オーストラリアには面白いトレーニング法、ありますか?
そんな疑問を、オーストラリア在住の獣医師ルール・久枝さんにぶつけてみました。


人と犬が楽しい暮らしをするためには、人は犬を理解し、犬は人社会のルールを学ぶ必要があると思います。では、実際にはどんなルールをどのように教えていったら良いのか、また、飼い主さんはどのようなことを学んだら良いのか。答えは一つではないと思います。

日本と同じく、オーストラリアでも多くのドッグトレーニング法が実践されており、たくさんのドッグトレーナーさんが、人と犬が楽しい暮らしを送るための手助けをしています。

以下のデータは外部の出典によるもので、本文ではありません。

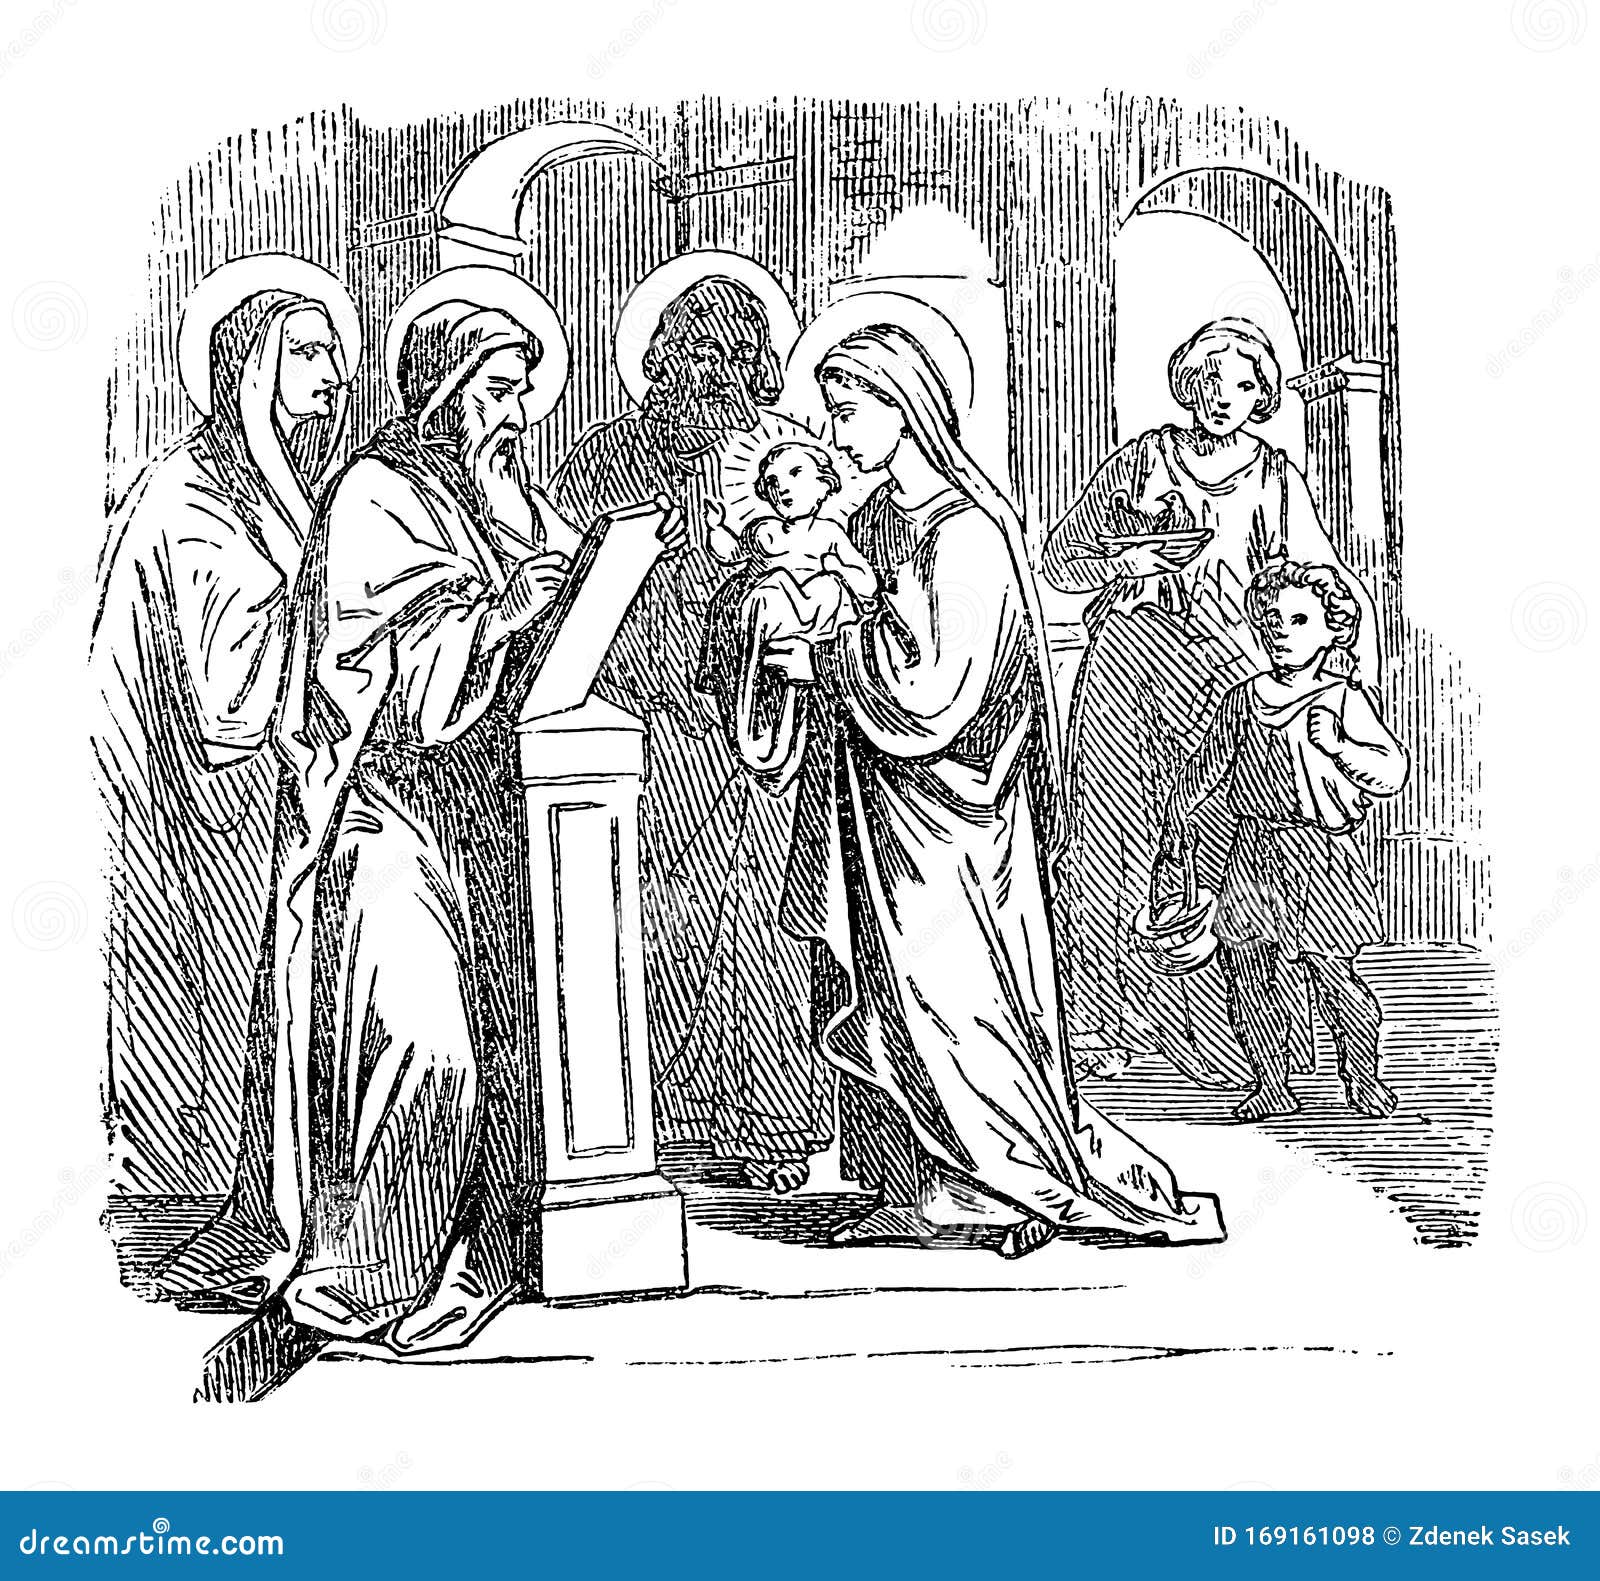 vintage drawing of biblical story of baby jesus in temple with mother mary and father saint joseph, simeon and anna

今回は、オーストラリアで行われている「ピュア・ドッグ・リスナー・トレーニング法」をご紹介します。

誰が考えたの?

ピュアドッグリスナートレーニング法は、イギリスやアメリカ、オーストラリアの経験豊かなドッグトレーナーが集まり、彼らの経験を持ちより生み出されたトレーニング法です。テレビやラジオでパーソナリティを務めているCaroline Spencerが主催者となり、アメリカやイギリス、オーストラリアでこのトレーニング法を紹介しています。
 

どんなトレーニング法なの?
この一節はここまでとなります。